What I find interesting about the image is that, in a strange way, it works. However stylised and simplified it has a strange power. The contours under the paint help but it is the combination that is working. I could see doing a whole series and improving it, but it has the beginnings of art.
And here’s what it looked like as a naked sculpture before I turned it into a painting.

3. A4, oil on paper

Again, off piste a little, but as my artistic horizons expand I don’t feel as pressured to always go for realistic depictions. There is a whole world of visual languages that I’ve hardly touched and am itching to explore.
One of these is Cubism (but like Jazz piano needs an extremely competent musical understanding before you launch into it I don’t think I’m ready for Cubism yet).
However, I love the language of print – flat blocks of colour – flat surfaces like Julian Trevelyn (which he took into his paintings) and line as in linocut. I was just blown away by Picasso’s linocuts in The New Walk Museum, Leicester. And there were three in the exhibition catalogue. Picassos’s linocuts had space, balance, Cubism, African art and a weird visual similitude… on one level they couldn’t be more unrealistic but on another they held the essence of a person so that you could almost ‘see’ them.
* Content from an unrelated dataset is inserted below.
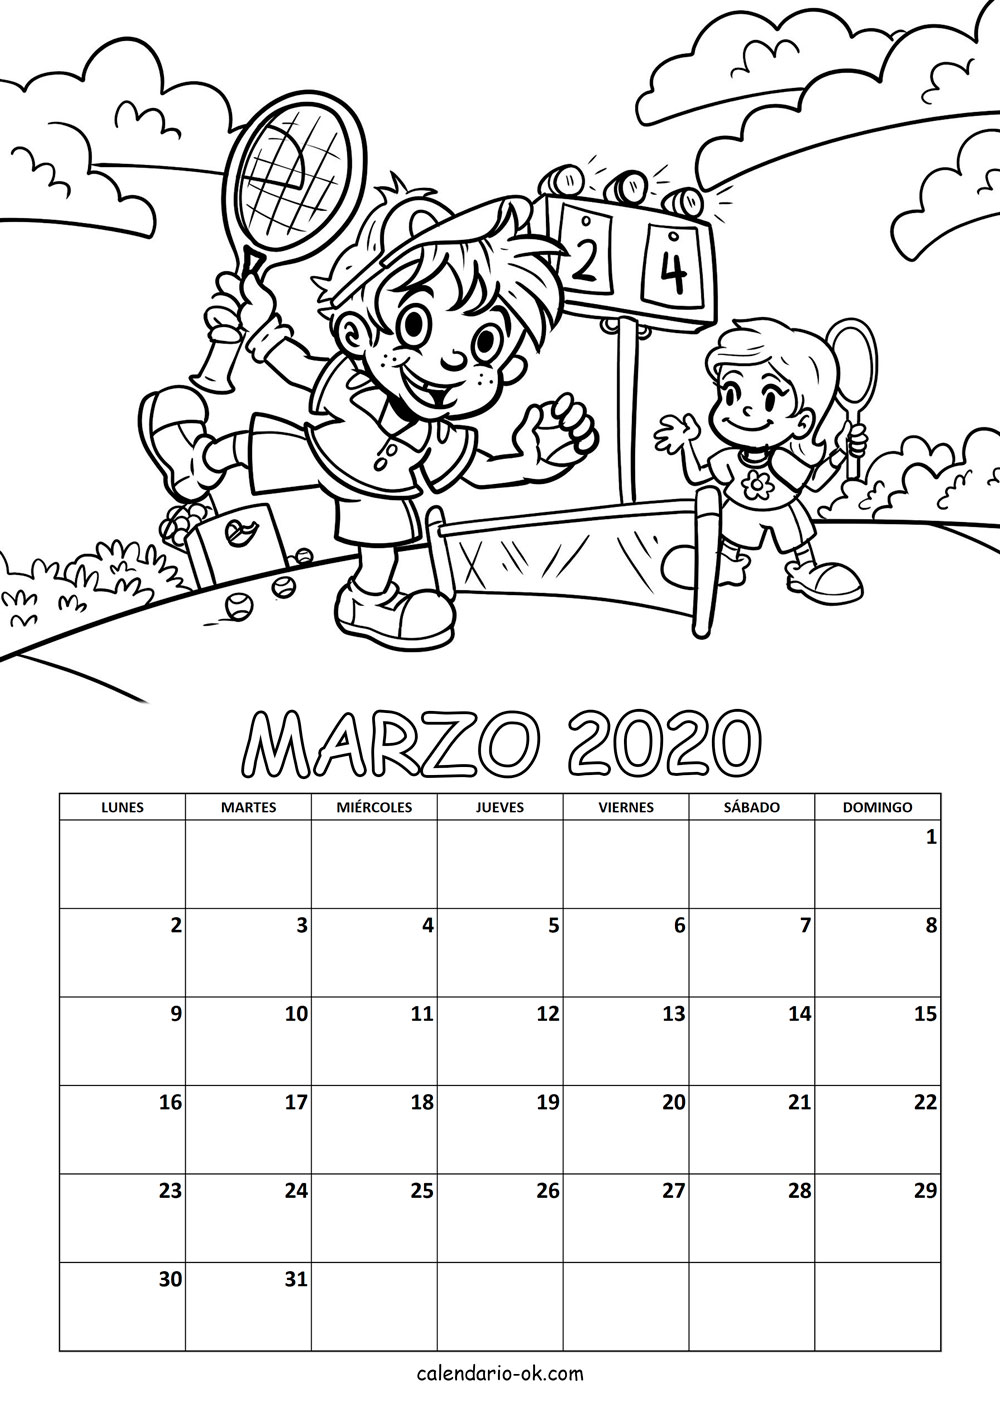 Calendario MARZO 2020 COLOREAR
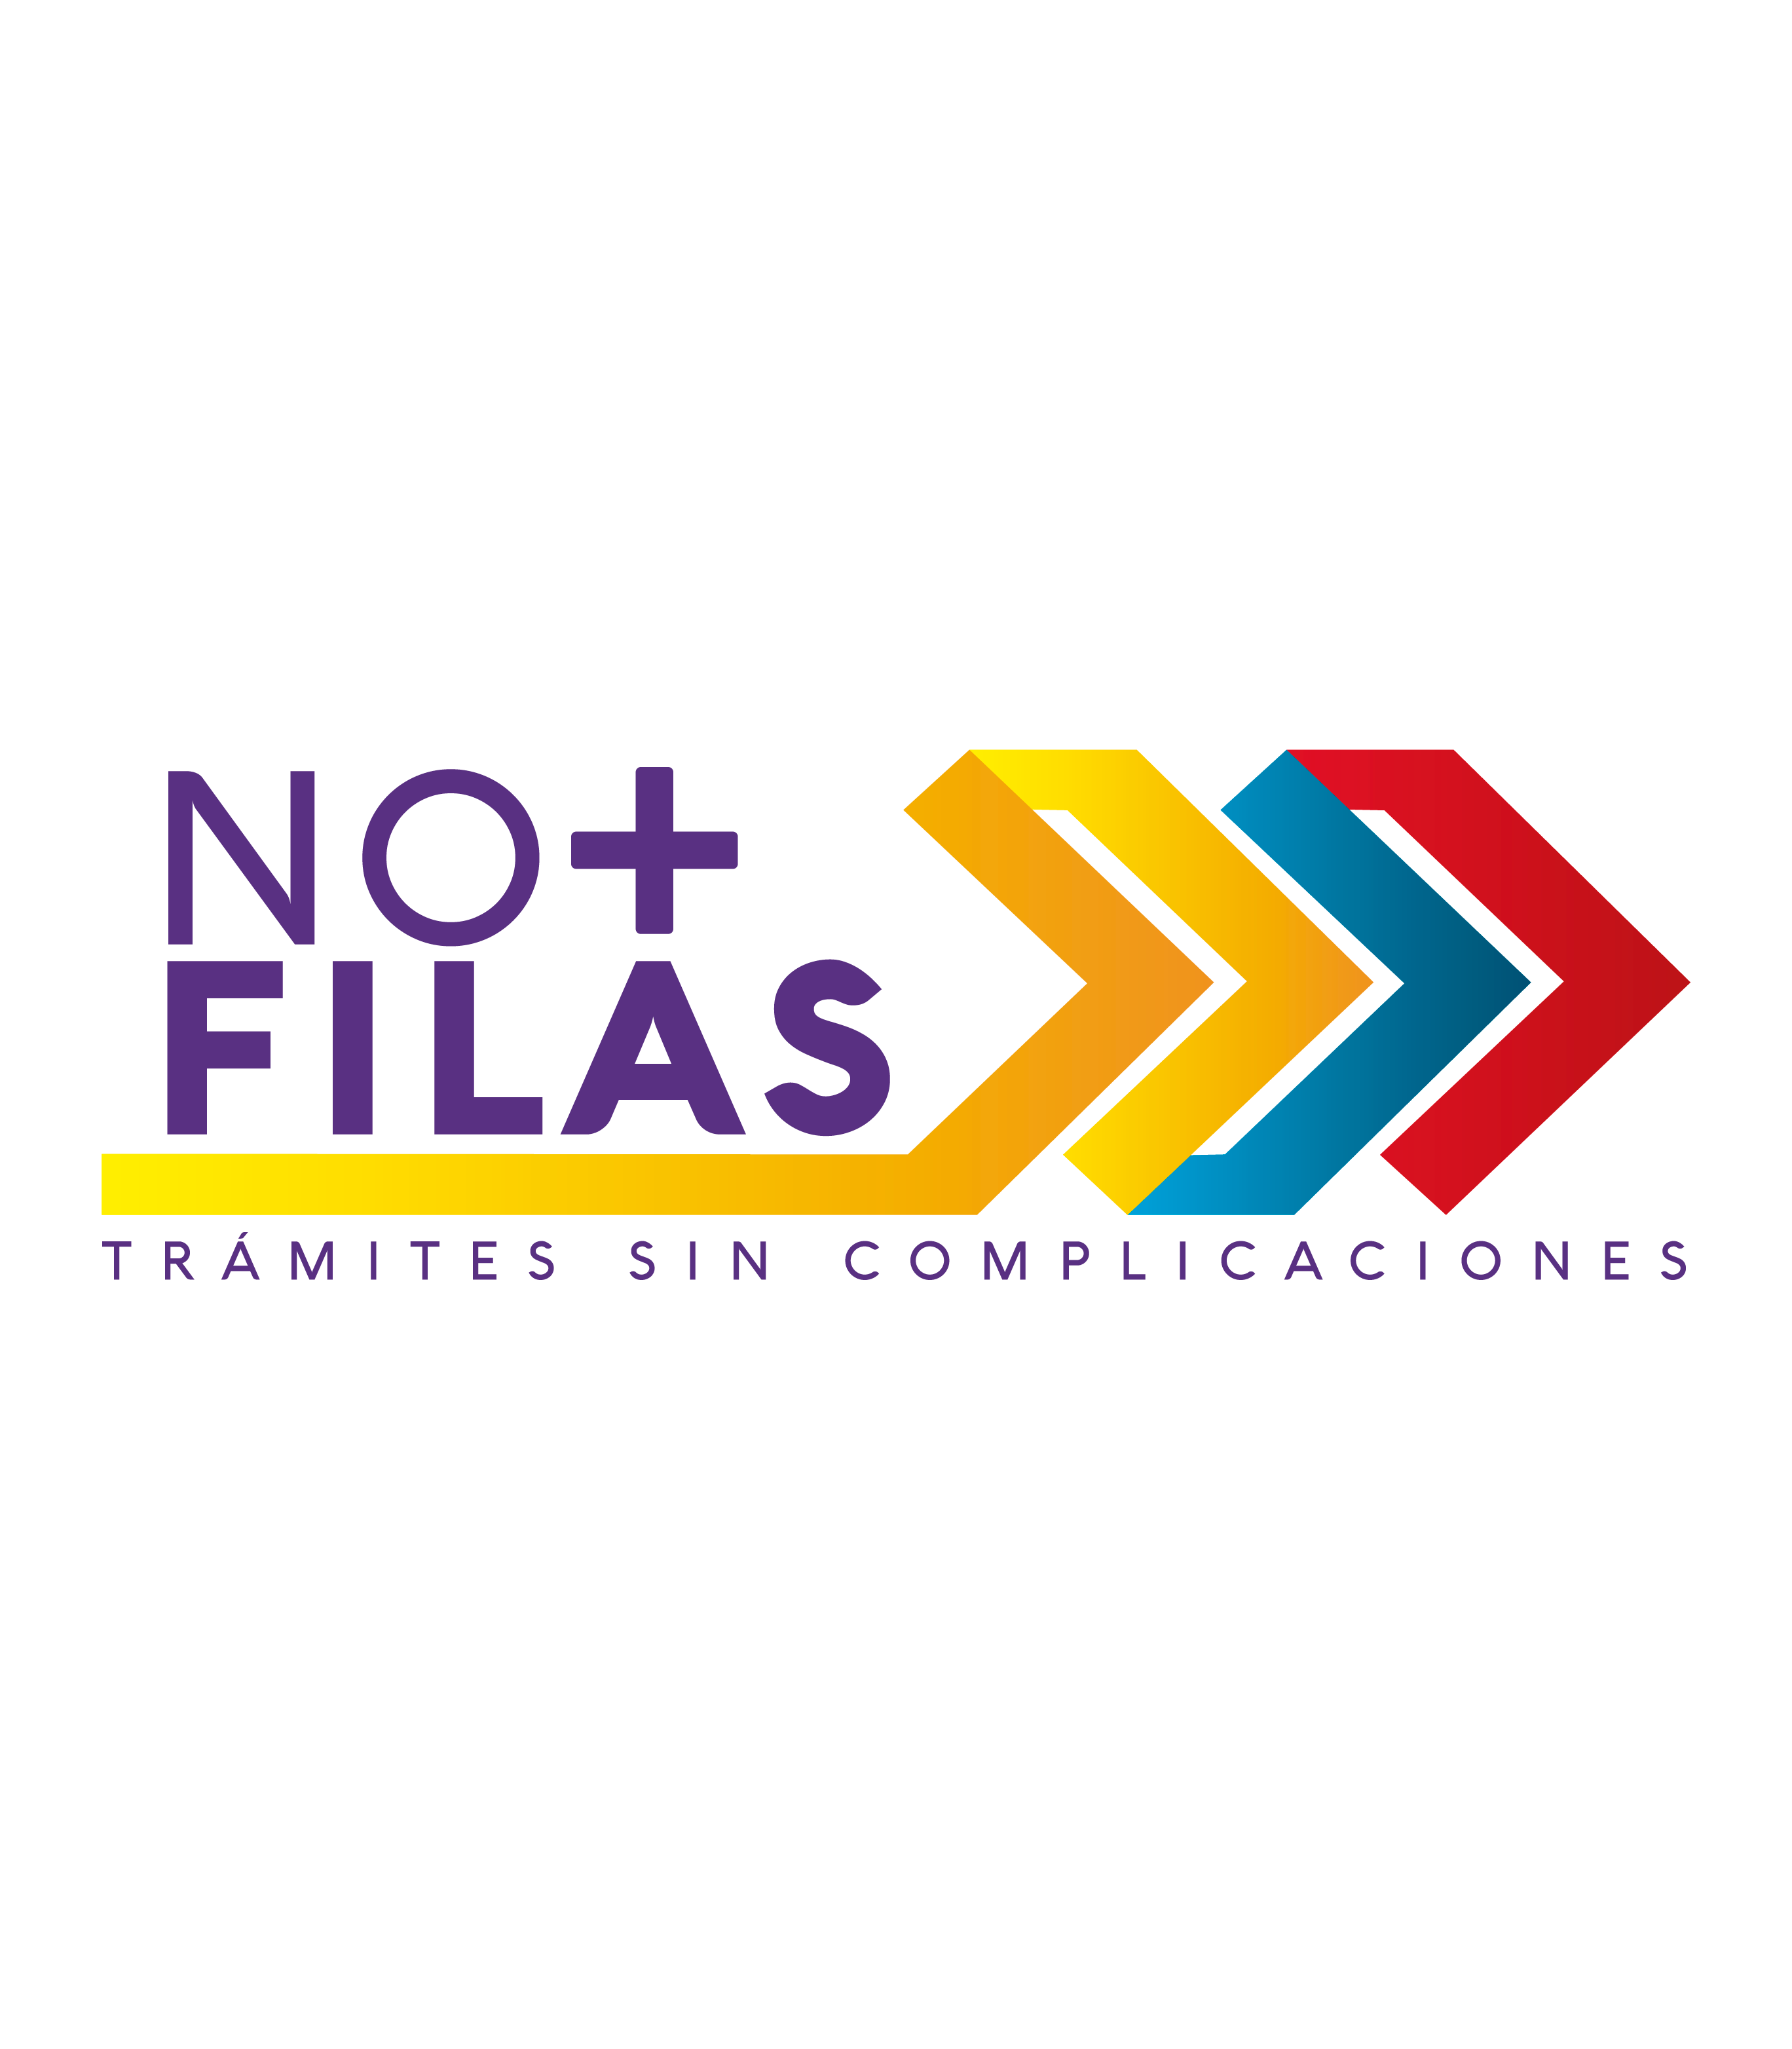 No + FIlas

So, I decided to paint into this monotype to make it look like a Picasso linocut. I followed my print for the shape and positioning of the features but tried to remember what Picasso’s linocuts were like – I looked at them for ages – and capture the same feel, but with my interpretation.
I like all of it apart from inside the cheeks, chin and forehead (which I added later as the face was too dark). But the part I planned before I started is working quite well.
The ‘border’ outside the face and the neck/jumper was great fun… and feels balanced and dynamic to me… it reminded me of acting as I just had to be in the zone. I switched off my thinking (word based) brain and focussed on balancing shape, line, and the weighting of light and dark. It was like sculpting with light and I worked at it till it sat in space properly. Which is an odd way to think of it as it’s a flat patterned space – but it ‘felt’ much more like a 3D sculpture.
I think I need to know the structure of the face better to ‘abstract’ it, and I know nothing of the language of African art… so inside the face is much weaker. However, the nose and eyebrows are beginning to register… but the rest of the face is too prosaic and realistic.
With my oil paint, which doesn’t dry (or rather oxidise) for months – it isn’t even touch dry for a couple of weeks – it’s very hard to paint over. And my brushes were too big for what I now thing of as a tiny piece of paper.
Diana is right, I need tom work bigger.
I think with oil paint you got to get it right first time, be bold, scrape off if it’s a real hash and leave little gaps between edges… use the canvas as part of your painting like Modigliani did.
….
I’ve really enjoyed this exercise and feel I’ve moved a step away from always going for a likeness. I started with a monotype and explored three very different ways of capturing a face, all equally valid, based on two famous artists (Elizabeth Paynton and Picasso) and two artistic styles German Expressionism and ‘Ceramic art’.